Cisco, Verizon Ventures, Deutsche Telekom Strategic Investments, and Swisscom all had a whip-round to raise $25 million and hand it over to Kumu to help it keep up the good work. Kumu’s technology claims to enable full-duplex transmission, allowing full utilization of one frequency for both sending and receiving at the same time – potentially doubling spectral efficiency.
“Kumu Networks’ full-duplex technology is a rare technological breakthrough that offers substantial benefit to a multitude of wireless modalities,” said Rachid El Hattachi, SVP Architecture and Blueprints at DT. “Full-duplex offers significant advantages and removes roadblocks from wireless endeavours as diverse as LTE Advanced, general Radio Frequency planning and future standards and protocols. We jumped at a chance to invest in and help foster this important new technology.”
“Full-duplex technology can simplify difficult network expansion tasks and increase spectral efficiency,” said Vijay Doradla, director at Verizon Ventures. “We look forward to Kumu Networks’ continued growth as they seek to commercialize their technology for near-term applications in the wireless ecosystem.”
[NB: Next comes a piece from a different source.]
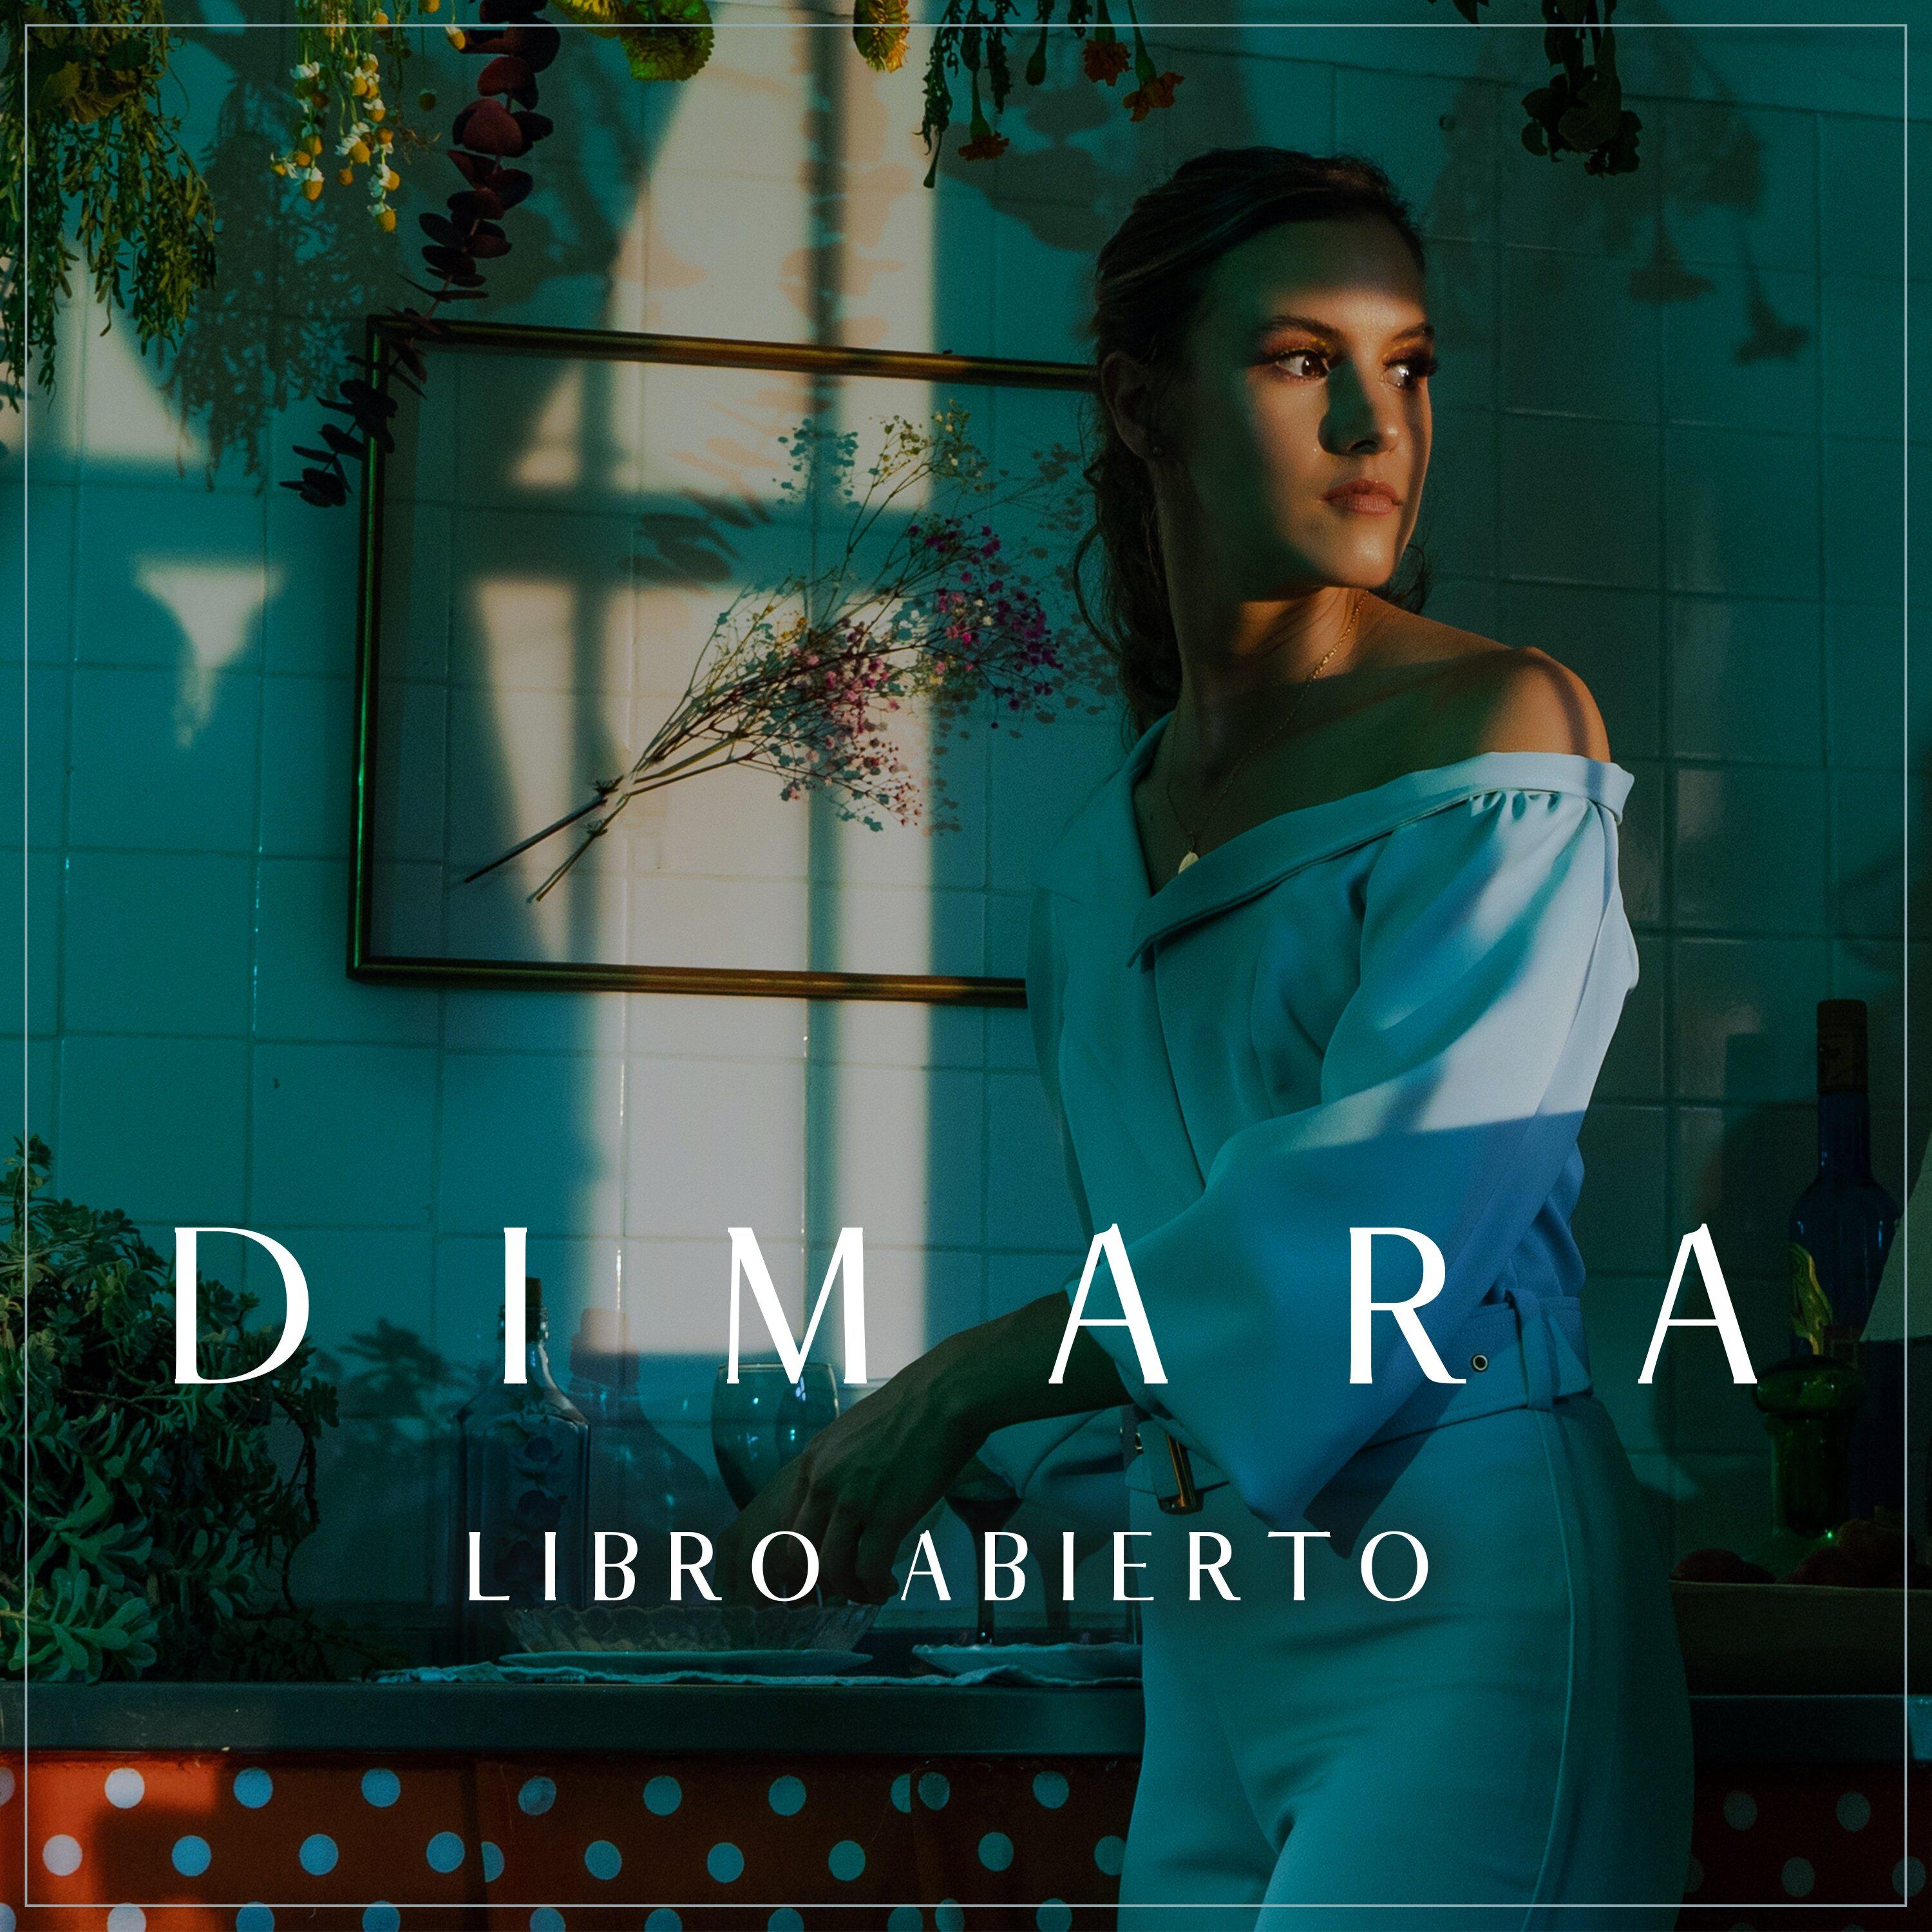 Dimara - Libro abierto

“We are honoured to have such a broad coalition of investors participating in our Series C funding,” said Kumu Networks CEO David Cutrer. “The diverse group of investors highlights the broad reach and economic potential of our solution and its massive impact on multiple arenas within the wireless industry.”
In addition TIM (Telecom Italia) has just carried out what it claims is the world’s first test of ‘full-duplex relay’ technology in Turin, in partnership with Kumu. “We are very happy to announce this first ‘live’ test,” said Gabriela Styf Sjoman, Head of TIM’s Engineering & TILAB. “5G is a key network evolution towards more advanced digital services and we are not only committed to defining the standards, but also to contributing to key research and development initiatives that will be fundamental for a healthy ecosystem in digital services, including the network, open platforms and services.”
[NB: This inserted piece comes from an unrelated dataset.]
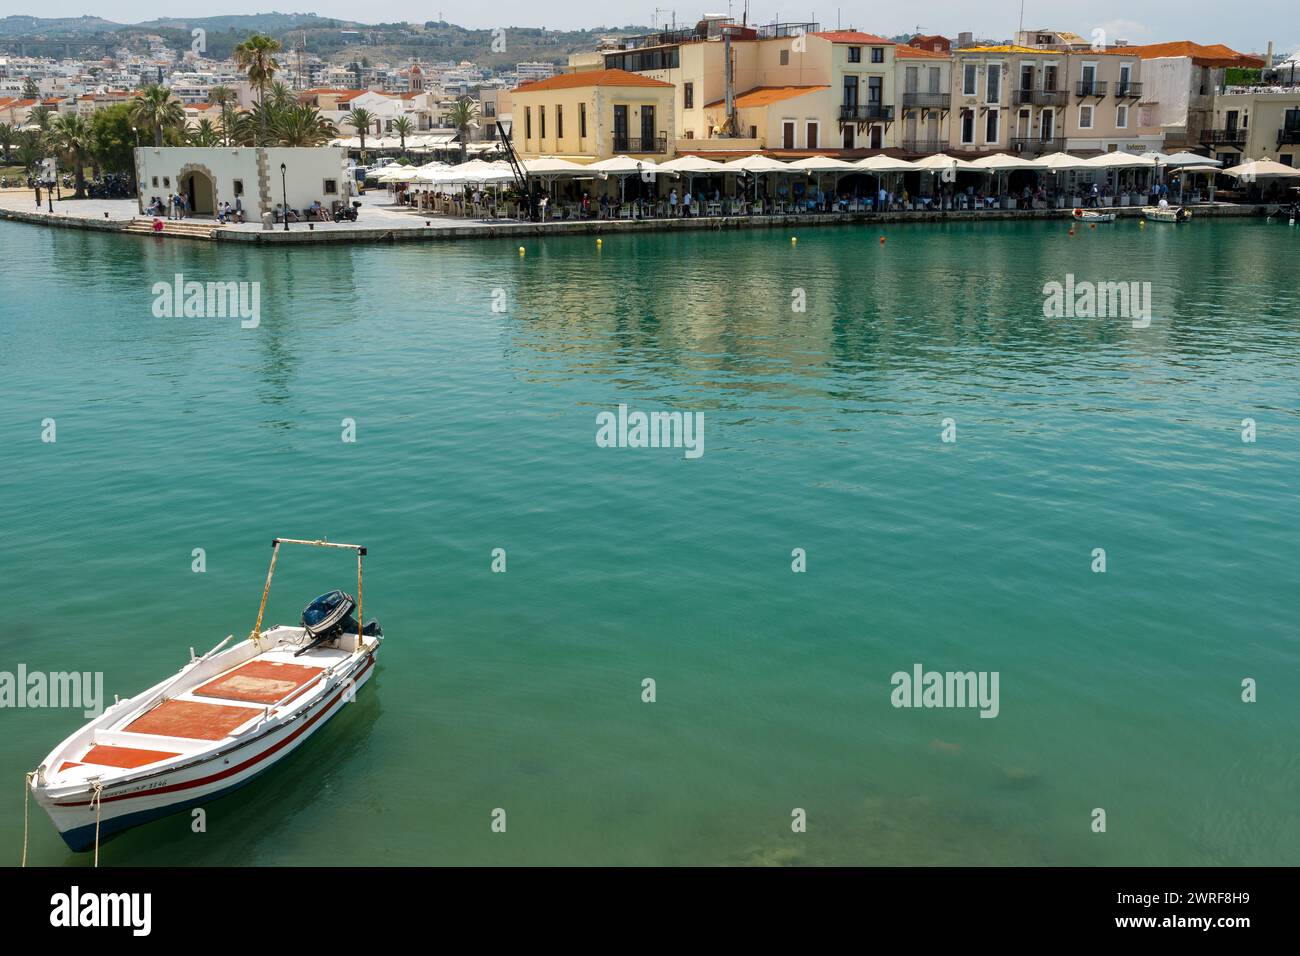 Una piccola barca presso lo storico porto veneziano nel cuore della città vecchia di Rethymno, Creta. Foto Stock

Incidentally Verizon has also chosen to join the ONOS project, which has the stated aim of keeping SDN development open. “Verizon recognizes the potential of ONOS as an open source SDN platform and the service provider solutions it enables, as well as the promise it holds to transform the networking industry,” said Brian Higgins, VP of Network Planning at Verizon. “By joining the partnership, we hope to advance open source SDN and NFV solutions based on ONOS and to help shape the future of this ecosystem.”
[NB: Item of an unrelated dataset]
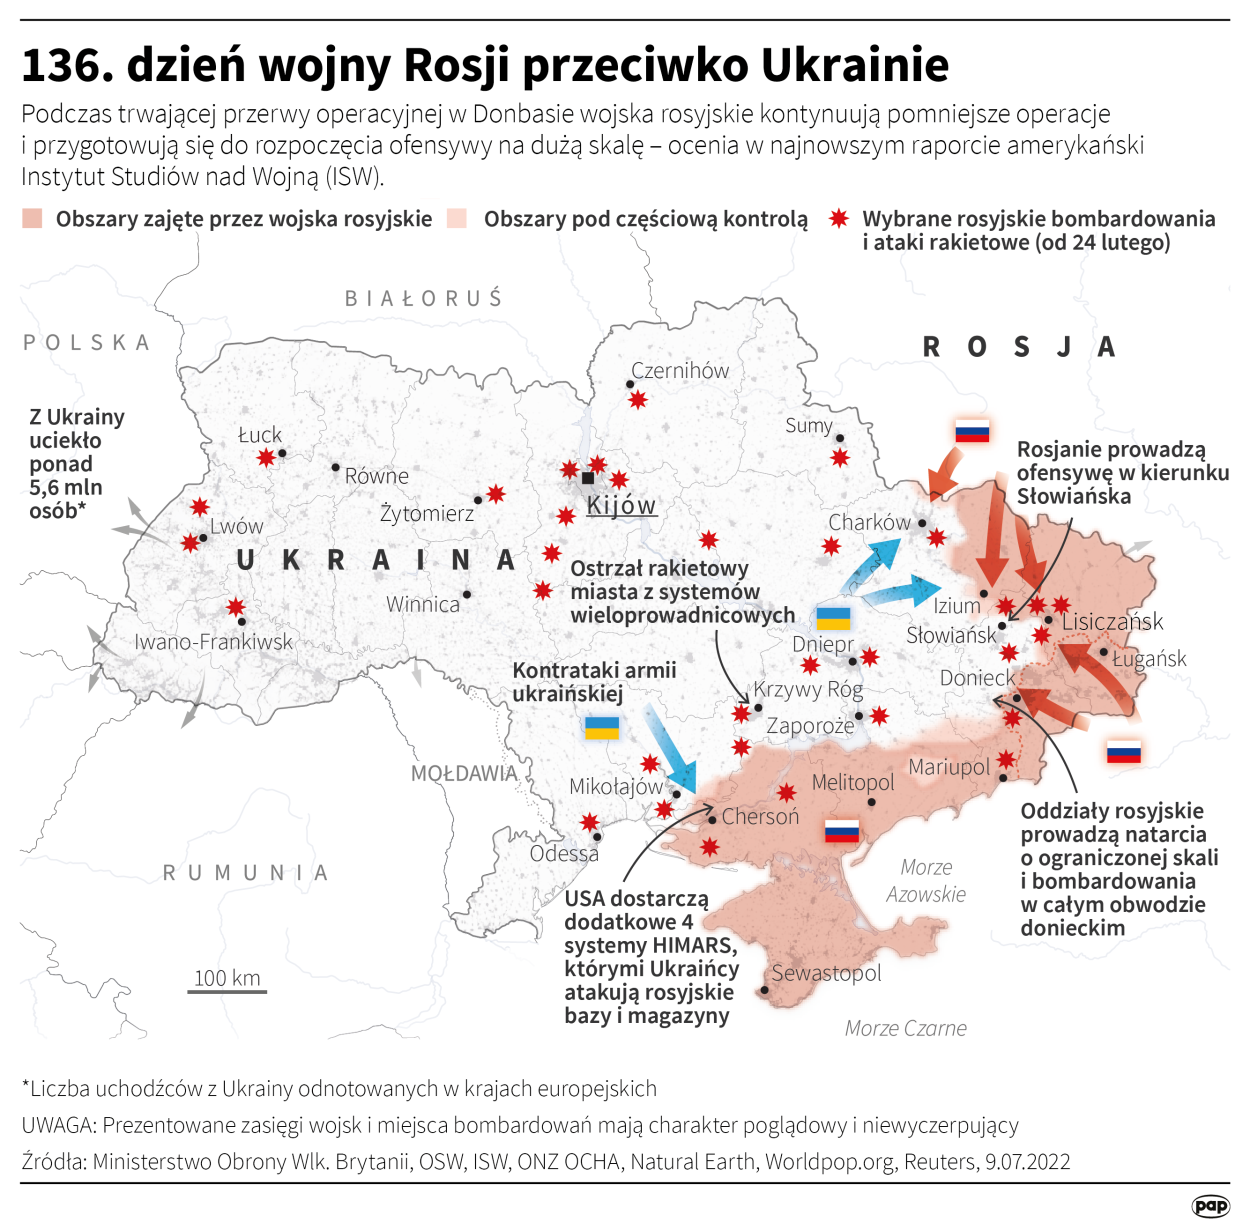 136. dzień wojny Rosji przeciwko Ukrainie, Autor: Maciej Zieliński

Cisco, meanwhile, has also chosen to invest in IoT platform startup Kii, although Cisco insists on calling it IoE (Internet of Everything) instead. “Building compelling mobile and IoE solutions requires a multifaceted effort – and the backend platform is one of the key ingredients,” said Miyuki Suzuki, president of Cisco Systems G.K. “We believe our investment in Kii will help support the development of a platform that offers the ease of use, features and scalability needed to bring IoE solutions to market rapidly.”